No dedicated scheduler process is needed - existing workers handle everything.

## Watchdog Pattern

  1. Workers automatically watch the ‘scheduler’ tube

  2. On reserve timeout, workers check if watchdog exists and create if missing

  3. When worker reserves watchdog, it instantiates Postburner::Scheduler

  4. Scheduler executes with PostgreSQL advisory lock for coordination

  5. After completion, watchdog re-queues itself with delay for next interval

## Safety Net Functions

The watchdog performs three safety net functions:

  1. Auto-bootstrap: Creates first execution for schedules that haven’t been started

  2. **Future execution guarantee**: Ensures each schedule has a future execution queued

  3. **Orphan cleanup**: Enqueues any pending executions that weren’t properly queued

Note: For Postburner::Job schedules, a before_attempt callback creates the next execution when the current job runs, providing immediate pickup without waiting for the watchdog.

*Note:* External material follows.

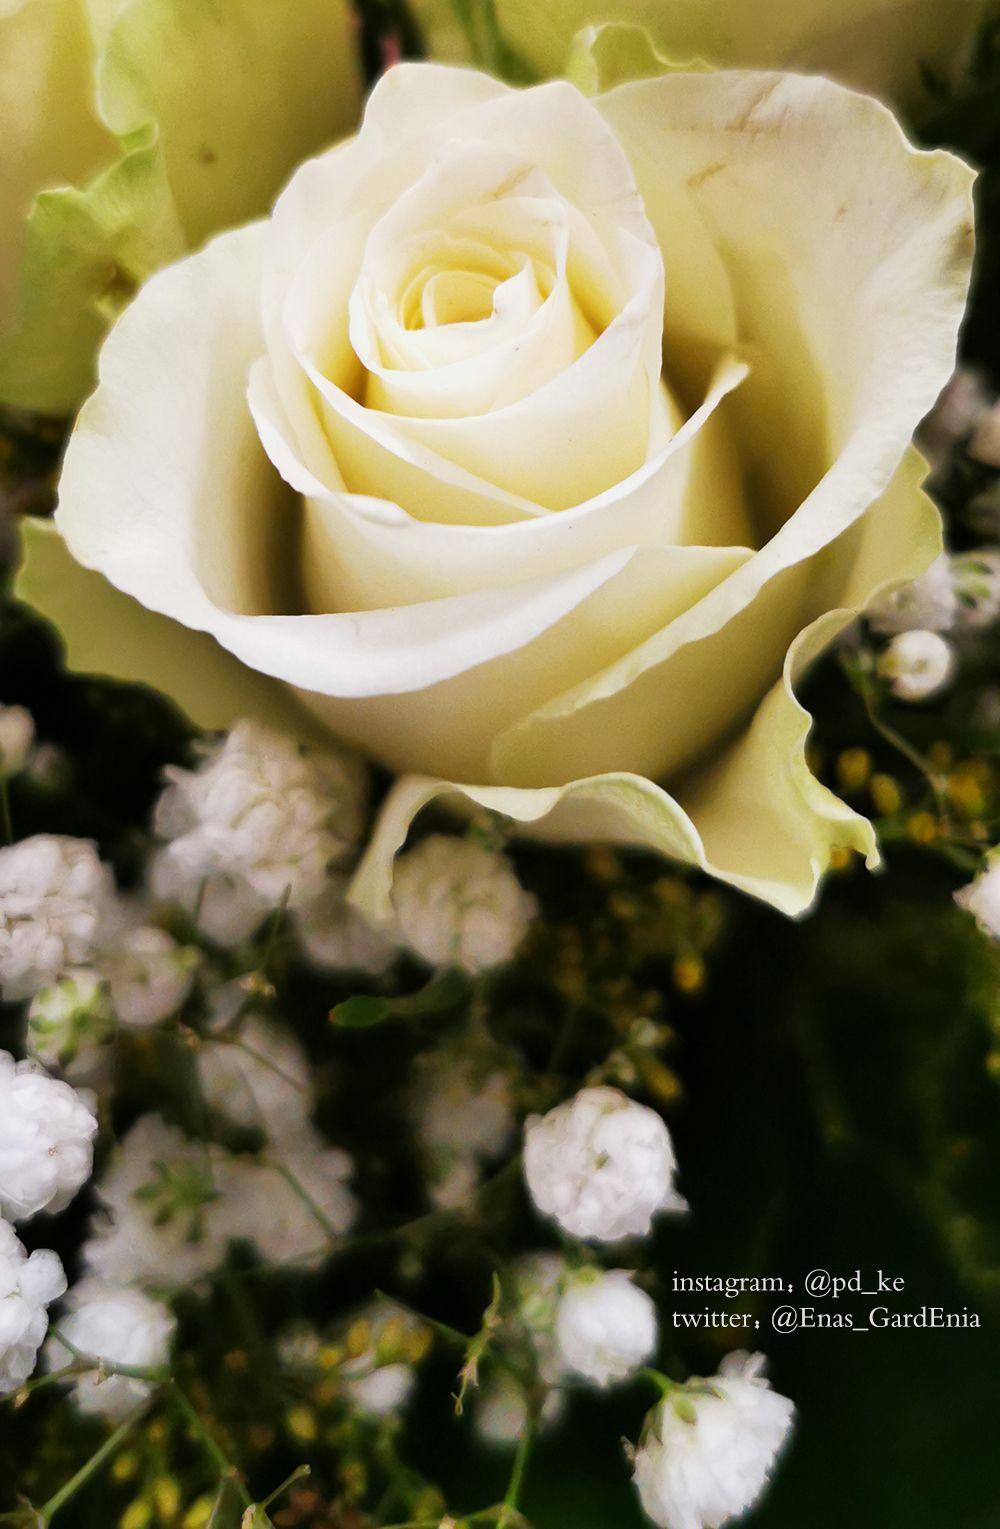 Snapchat Enasart Www Instagram Com Pd Ke تصويري ايناس الغاردينيا تصوير جوال تصوير السعودية جدة بني مالك الجنوب جنوب ال In 2020 Arabic Books Flowers Rose
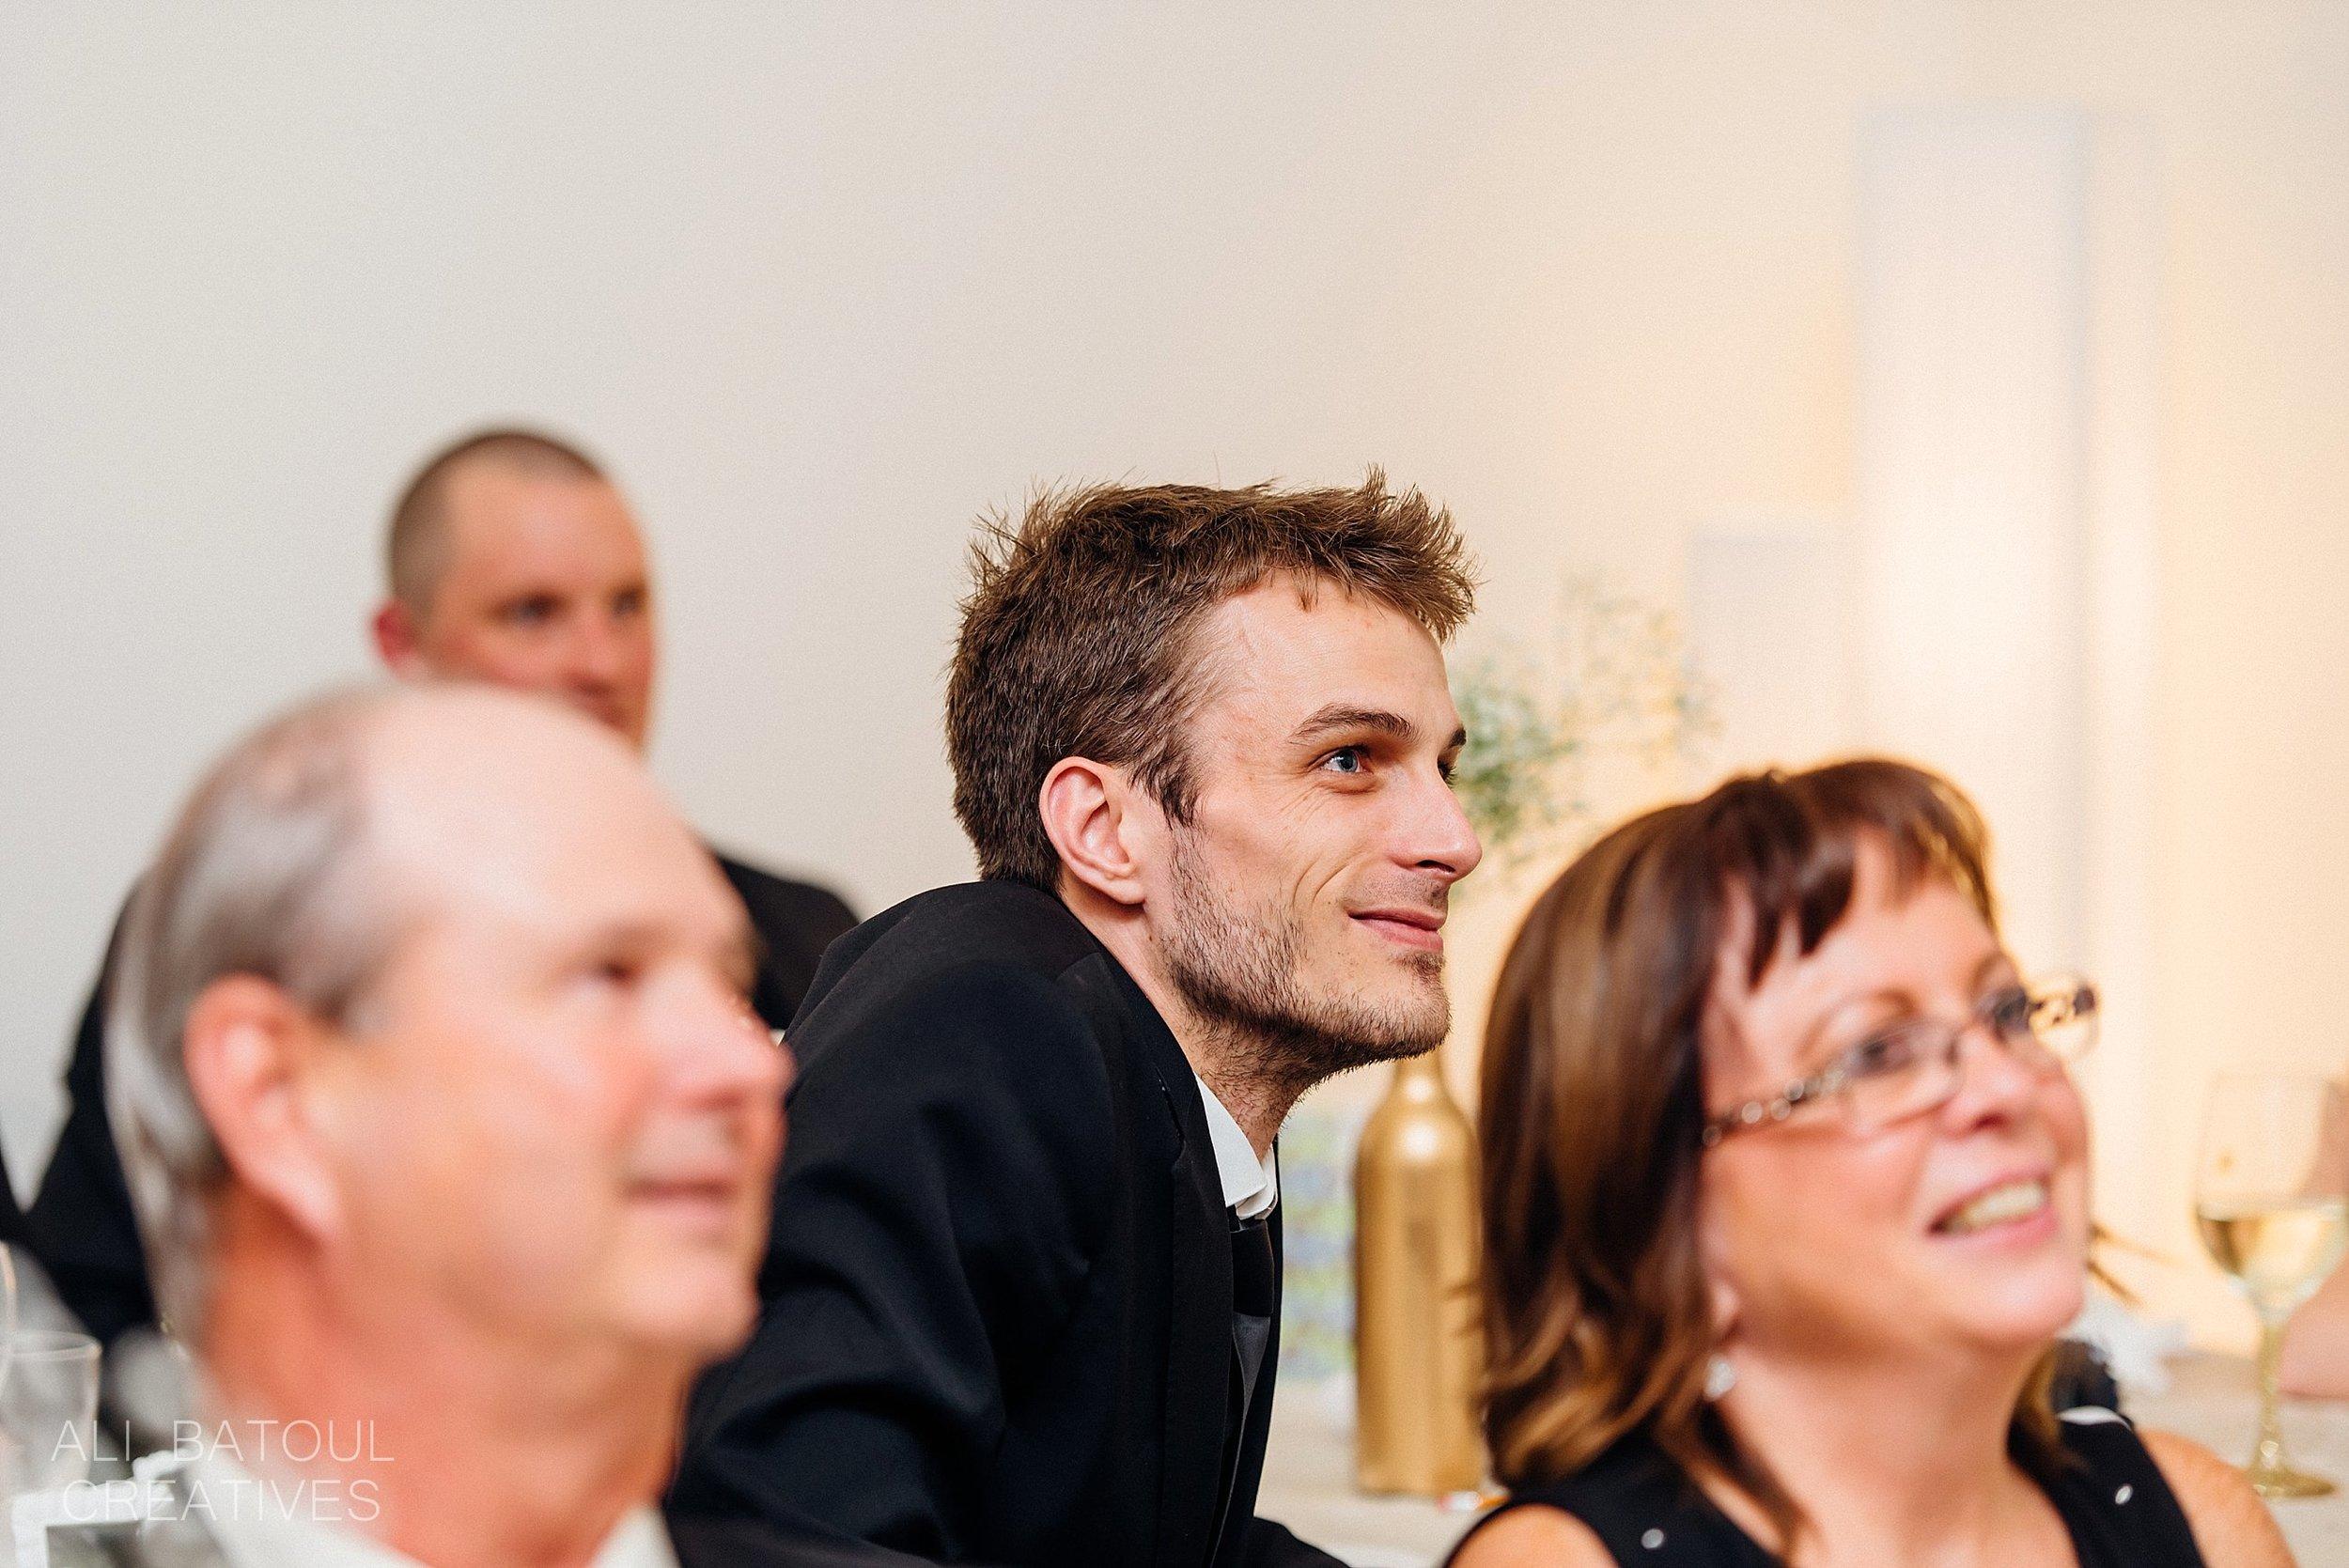 Jocelyn + Steve At The Schoolhouse Wedding - Ali and Batoul Fine Art Wedding Photography_0088.jpg

The watchdog is just the safety net.

## Configuration

Add to config/postburner.yml:

production:
  scheduler_interval: 300  # Check every 5 minutes (default)
  scheduler_priority: 100  # Watchdog priority (default)

The interval primarily affects:

  • How quickly new schedules are auto-bootstrapped (if you don’t call start!)

  • Recovery time if an execution somehow fails to enqueue

  • How often last_audit_at is updated for monitoring

Since executions are enqueued immediately to Beanstalkd’s delayed queue, the watchdog interval doesn’t affect execution timing - only the safety net checks.

## Execution Flow

  1. Worker reserves watchdog from scheduler tube

  2. Instantiates Scheduler with interval from payload

  3. Scheduler#perform acquires PostgreSQL advisory lock

  4. Processes all enabled schedules:

    • Auto-bootstraps unstarted schedules (creates + enqueues first execution)

    • Ensures future execution exists (creates + enqueues if missing)

    • Enqueues any orphaned pending executions

    • Updates last_audit_at timestamp

  5. Re-queues watchdog with delay for next interval

## Observability

Monitor scheduler health via last_audit_at:

stale = Postburner::Schedule.enabled
  .where('last_audit_at < ?', 15.minutes.ago)
  .or(Postburner::Schedule.where(last_audit_at: nil))

Examples:

Watchdog payload in Beanstalkd

{
  "scheduler": true,
  "interval": 300
}

Manual watchdog creation (usually automatic)

Postburner::Scheduler.enqueue_watchdog(interval: 300, priority: 100)

See Also:

Constant Summary collapse

SCHEDULER_TUBE_NAME =
'scheduler'
DEFAULT_INTERVAL =

5 minutes

300
DEFAULT_PRIORITY =

Lower number = higher priority

100
WATCHDOG_MUTEX =

Class method to enqueue watchdog to Beanstalkd Mutex for coordinating watchdog checks across threads

Mutex.new

Class Attribute Summary collapse

Instance Attribute Summary collapse

Class Method Summary collapse

Instance Method Summary collapse

Constructor Details

#initialize(interval: DEFAULT_INTERVAL, logger: nil) ⇒ Scheduler

Initialize a new scheduler instance.

The scheduler is instantiated by workers when they reserve a watchdog job from the scheduler tube. It’s not persisted - each run creates a new instance.

Examples:

scheduler = Postburner::Scheduler.new(interval: 300)
scheduler.perform

Parameters:

  • interval (Integer) (defaults to: DEFAULT_INTERVAL)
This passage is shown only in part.